当事業はグローバル市場という視点から見ると、中国・インドを中心に安定的成長が今後も見込まれますが、国内や欧米市場では産業としての成熟期を迎え、品質向上と安定かつ効率的な設備稼働を指向する技術が強く求められています。当社はこれを受け、理想の鋳造工場を「SINTO SMART FOUNDRY(略称SSF)」と名付け、環境負荷の低減を含めたお客様視点での「いい鋳物づくり」への貢献を果たすべく、センシング技術を活用した商品開発を進めております。その成果は、砂型へのレーザーマーキング技術による製品1個単位でのトレーサビリティ対応、不良分析をサポートする不良登録システムと品質管理システムなど、鋳物品質向上を目指したSSF商品を計画的に市場投入してきております。

 当事業に係る研究開発活動は、434百万円であります。

 

(3)環境事業

 主に、当社が中心となって当事業の研究開発活動を行っております。

 「働く人の安全と健康を守る」という活動方針に向かい、集塵・排ガス処理・水処理の従来からのカテゴリ商品に加えて、磨き床や作業環境改善に貢献する商品など、新しい価値を生み出す開発にも力を入れております。

 直近では、工場の環境状態をリアルタイムに見える化し、効率的な環境対策や粉塵などによる作業環境の悪化を未然防止できる「アメニティメータ」をリリースしました。今後は、このシステムで得られたデータを活用し、お客様へ環境改善や対策を提案するサービスの拡充を進めていきます。

 その他にも、集塵機で捕集した粉塵をバインダーレスで圧縮固化するダスト固化装置を開発しリリースしました。現在は主にレーザー加工機から発生する粉塵を対象とし、廃棄時の飛散による健康被害の防止や廃棄物減容による環境負荷低減を実現させていますが、今後は他の廃棄粉塵に対してもリサイクル可能な有価物化する用途を狙い、ラインナップの拡充を進めていきます。

 当事業に係る研究開発活動は、178百万円であります。

 

(4)搬送事業

 主に、子会社の株式会社メイキコウが中心となって当事業の研究開発活動を行っております。

 近年は 工場や倉庫等での荷役作業の人手不足解消に貢献できる省力機械を中心に商品開発しており、トラックヤードにおけるコンテナやトラックからの荷降ろし装置を拡充するため、移動や設置の作業負担を軽減できる「軽量ワーク用デバンダ」や、荷降ろし作業の無人化を実現すべく多関節ロボットを活用した「全自動荷降ろし装置」の製品化への検証を進めております。

 その他、電動式シザーリフトの新ラインナップとして、多段式の高揚程リフトについても製品化に向けた市場調査と実機検証を行っています。

 当事業に係る研究開発活動は、90百万円であります。

 

(5)特機事業

 主に、当社が中心となって当事業の研究開発活動を行っております。

 検査装置分野では、パワー半導体向け電気特性テスタをSiC(シリコンカーバイド)に対応するため、大電流化や高分解能化の要素開発を進めると同時に、ハンドリングを融合させた計測トータルシステムとして商品の競争力向上に取り組んでおります。

 メカトロ分野では主力商品であるサーボシリンダの競争力を向上させるため、演算速度の高速化や操作性を改善した新型サーボコントローラの開発を進めています。

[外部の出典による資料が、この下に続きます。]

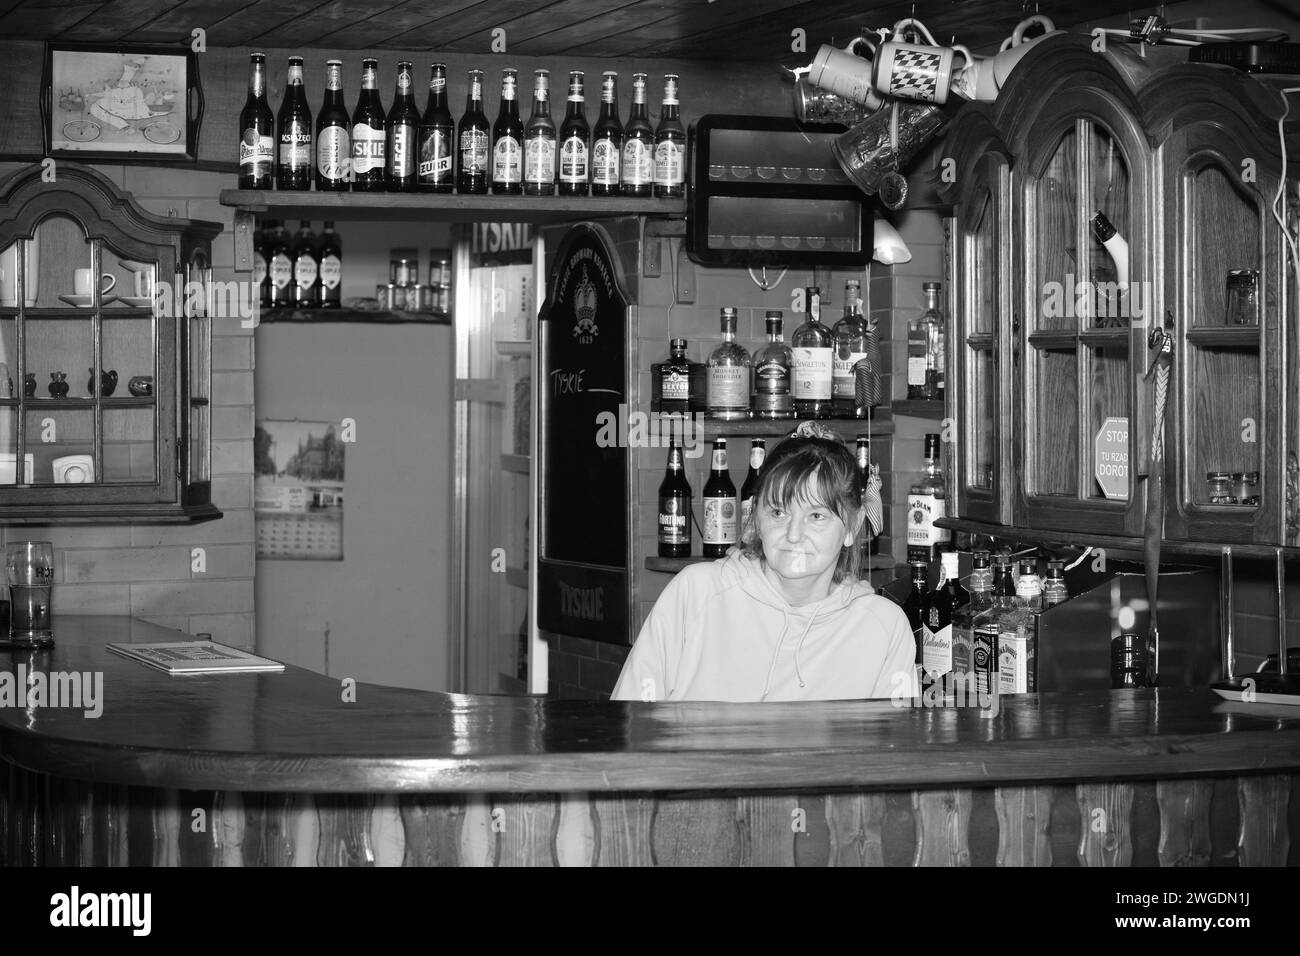 Lady Dorota, owner of a pub, local legend. Portrait of a mature woman. Barmaid.Gniezno, Poland. Stock Photo
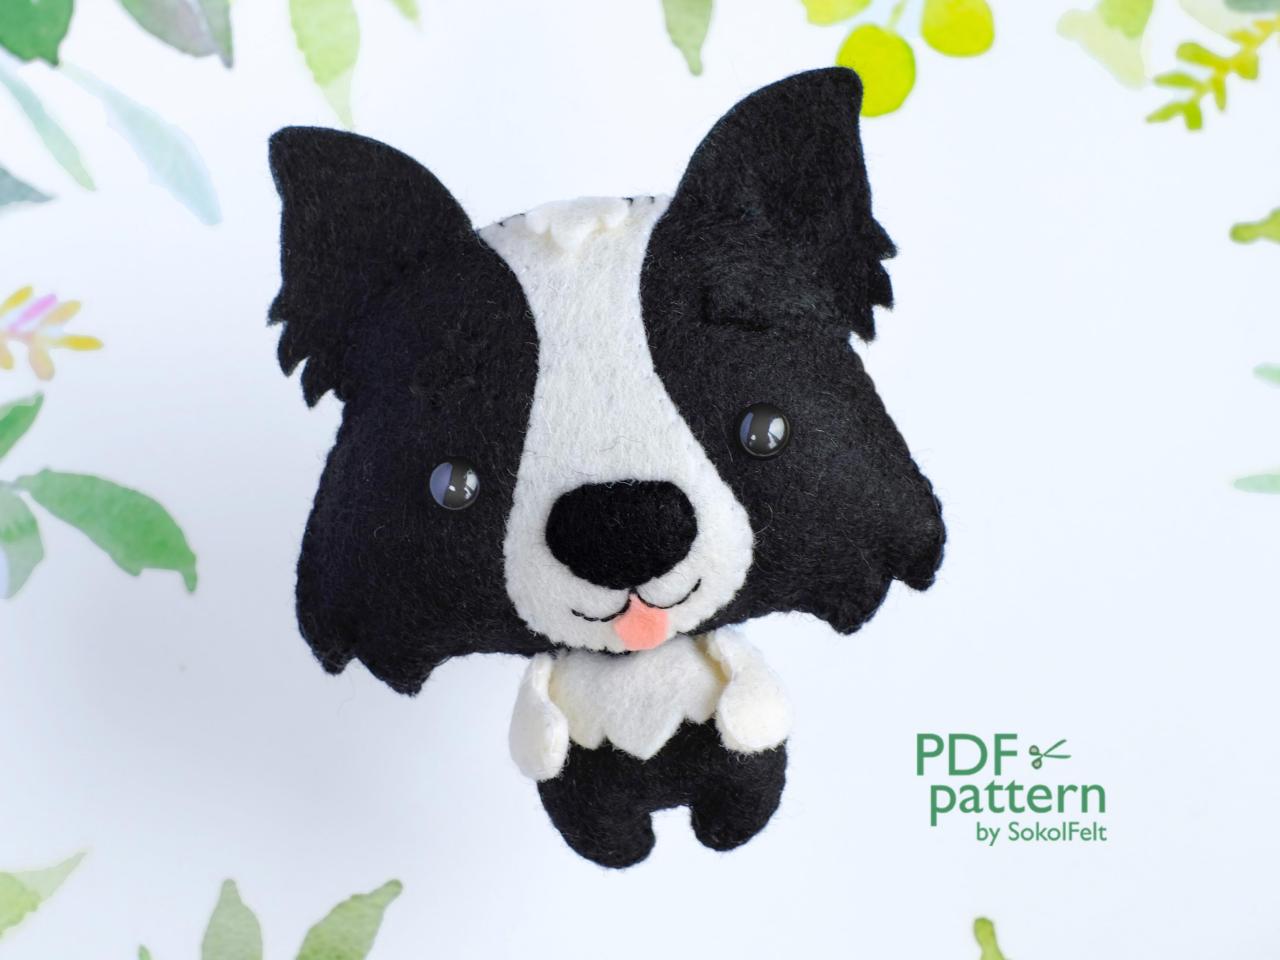 Border Collie Felt Toy Sewing Pdf And Svg Patterns, Cute Dog Sewing Tutorial, Dog Lover Gift, Baby Crib Mobile Toy

また最も注力している二次電池市場に対しては、ドライ電極やカーボンナノチューブの加工といった次世代技術に取り組んでおります。

 機能性粉末分野では、当社グループのコア技術である溶融金属のアトマイズ技術を深耕し、粒径2μmと微細かつ球状の金属ガラス磁性材料を開発・市場投入し、車載用用途、民生機器用途の磁性材市場で高評価を得ています。また、新たな金属磁性材料の開発を進めております。

 当事業に係る研究開発活動は、932百万円であります。